Phil Scott, the Governor of Vermont, became the first Republican governor to support the impeachment inquiry. Charlie Baker, the Republican Governor of Massachusetts, also announced his support. Republican Maryland Governor Larry Hogan later announced his support for an inquiry, though clarifying he did not yet support impeachment itself.

On October 18, John Kasich, former Governor of Ohio and a CNN political commentator since January 2019, publicly said President Trump should be impeached. Until this point, he had argued that there was not enough evidence to impeach him.

During the fourth 2020 Democratic Party presidential debate, Andrew Yang said that while he supports impeaching Trump, he believes it may not be successful and would not solve the issues that led to Trump's election. He later said "Trump thrives on attention, even negative attention".

==== Against impeachment inquiry ====
Senator Lindsey Graham (R-South Carolina) criticized the whistleblower, calling the complaint hearsay and a sham.

On October 3, 2019, House Republican leader Kevin McCarthy called on Pelosi to suspend the inquiry and requested answers to 10 questions before it moved forward. Several Republican politicians, including Representative Jordan and former South Carolina Representative Trey Gowdy, who had been stout defenders of congressional oversight during the Obama Administration and the Investigation into the 2012 Benghazi attack, joined Trump's resistance to the investigation.

On October 23, more than two dozen Republican members of the House—led by Representative Gaetz and with Trump's prior knowledge and assent—staged a protest against impeachment proceedings by entering the SCIF where a hearing was about to commence, some carrying cellphones in violation of security protocols. The protest caused a five-hour stand-off during which the House Sergeant at Arms was summoned to intervene. Days earlier, Gaetz—who is not a member of any of the three committees—had entered the hearings and was instructed to leave after a parliamentarian ruling.

On October 24, Senator Graham, chair of the Senate Judiciary Committee proposed a Senate resolution (S. Res 378) condemning the closed door impeachment process and urging the House to hold a formal vote to initiate the impeachment inquiry, which by October 28, 50 Republican senators cosponsored. As of November 2019, only three Republican Senators, of the 53 in the Senate, Susan Collins of Maine, Lisa Murkowski of Alaska, and Mitt Romney of Utah, declined to cosponsor the resolution opposing the impeachment process.

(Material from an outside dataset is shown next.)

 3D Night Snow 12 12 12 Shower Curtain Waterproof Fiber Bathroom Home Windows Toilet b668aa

As the articles of impeachment moved to a vote before the full House and referral to the Senate for trial, Senate majority leader Mitch McConnell met with White House Counsel Pat Cipollone and congressional liaison Eric Ueland, later stating, "everything I do during this I'm coordinating with the White House counsel. There will be no difference between the president's position and our position as to how to handle this." McConnell also said there was "no chance" the Senate would convict Trump and remove him from office while declaring his wish that all Senate Republicans would acquit Trump of both articles of impeachment. Two days later, Judiciary Committee chairman Graham said, "I am trying to give a pretty clear signal I have made up my mind. I'm not trying to pretend to be a fair juror here ... I will do everything I can to make [the impeachment trial] die quickly." The Constitution requires senators to take an impeachment oath, which by Senate rules then in effect stated, "I will do impartial justice according to the Constitution and laws, so help me God."

House Democrats Collin Peterson of Minnesota and Jeff Van Drew of New Jersey, the only two Democrats to vote against the initial October resolution, went public with their intentions to again vote against impeachment ahead of the House vote. Peterson issued that his "biggest problem" was that impeachment was always sought after by Democrats, "[T]hey've spent a year trying to figure out how they can make a case for it. That's backwards. I just don't agree with this."

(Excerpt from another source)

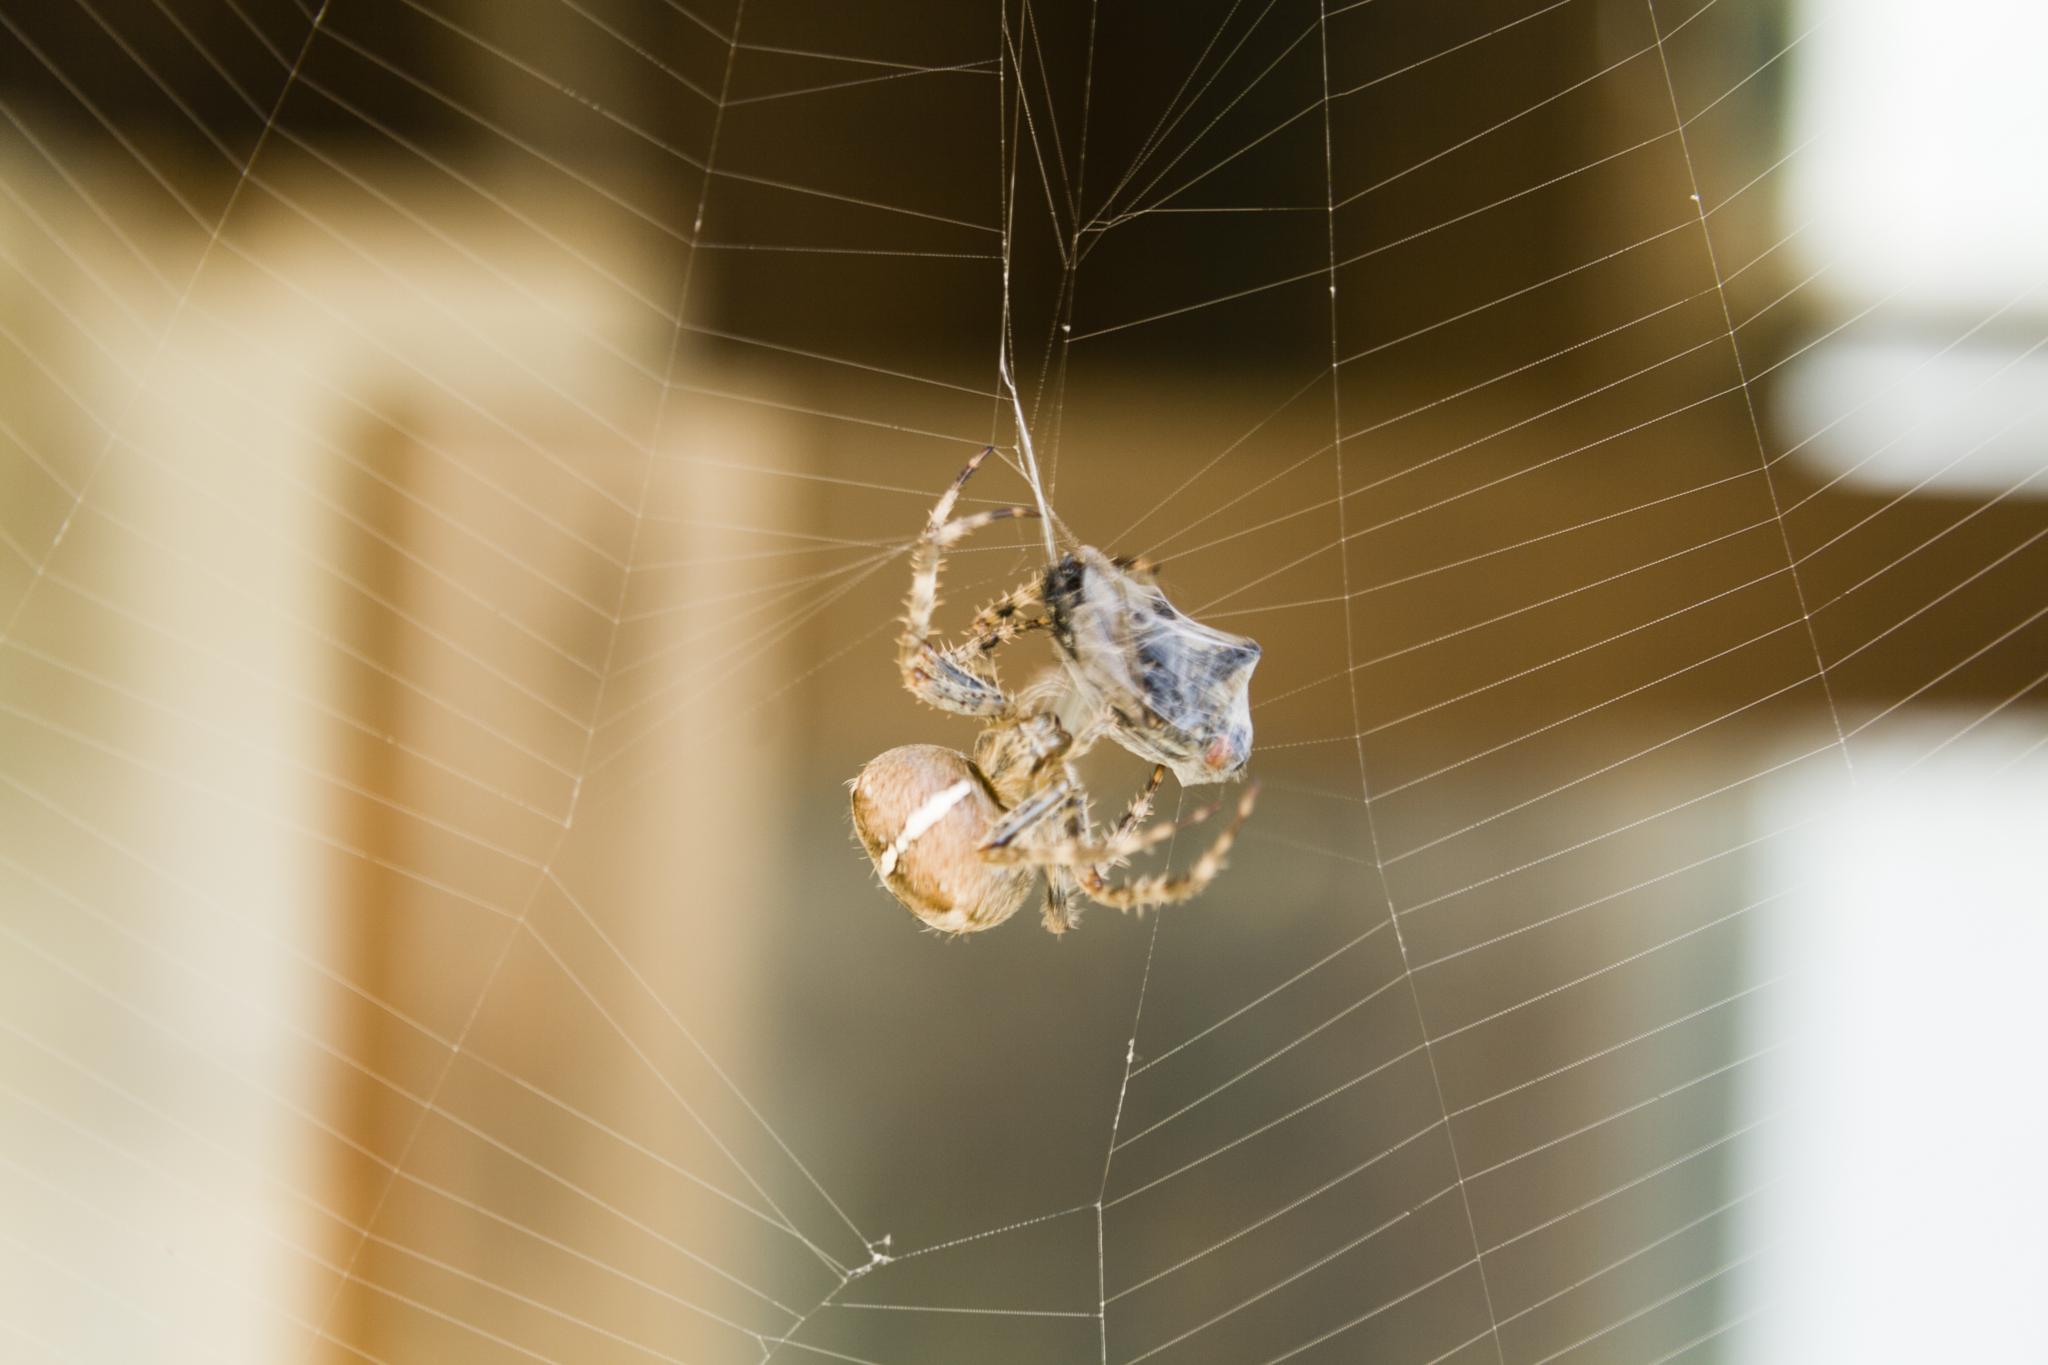 Silk Spraying ! by Nature's Pixelator

=== Legal professionals and academics ===
==== Academics ====
Some historians and diplomats have called the severity of the allegations "unprecedented" in American history. Elaine Kamarck of the Progressive Policy Institute has described how this inquiry is different from Nixon's Watergate: "the president himself is directly involved in all four of the likely articles of impeachment": obstruction of justice, violation of federal election law (a possible constitutional abuse of power), obstruction of Congress, and violation of the emoluments clause.

Some academics responded to tweets by Trump in which he quoted Robert Jeffress, a prominent Southern Baptist pastor who warned of a "Civil War-like fracture" if Democrats continued the inquiry. On Twitter, Harvard Law School professor John Coates cautioned that the tweet was an independent basis for impeachment as the sitting president was threatening civil war if Congress exercised its constitutionally authorized power. A fellow faculty member of Harvard Law, Laurence Tribe, agreed but cautioned that, due to the typical tone of Trump's tweets, the statement could be interpreted as "typical Trumpian bloviating" that would not be taken seriously or literally.

==== Legal professionals ====
A group of 17 former Watergate special prosecutors published an opinion piece in The Washington Post in which they said the public record contains prima facie evidence that Trump had committed impeachable acts. Supreme Justice Ruth Bader Ginsburg, briefly spoke about the impeachment after she was directly asked about the Supreme Court intervening in the process after Trump had tweeted the suggestion on December 2. Ginsburg highlighted the reactive nature of the U.S. Judicial system, and cautioned that any senator who shows bias before the trial should not be allowed to serve as jurors in the impeachment trial, as any legal professional would be disqualified from a case if they acted similarly.

USA Todays Supreme Court correspondent Richard Wolf published an overview of the opinions of various legal experts, including law professors. The University of Texas's Sanford Levinson says "nobody really knows" how to define the "high crimes and misdemeanors" of the Constitution's impeachment clause. According to Georgetown University's Randy Barnett, "The Constitution gets violated all the time. That doesn't make the violation of the Constitution a high crime or misdemeanor." Barnett further states that Trump's accusers "have been alleging impeachable offenses since before [he] took the oath of office". The University of Southern California's Orin Kerr says, "It's about abusing the office, not about violating a technical provision of a particular clause," and "[Trump is] taking care of himself, not taking care of the country."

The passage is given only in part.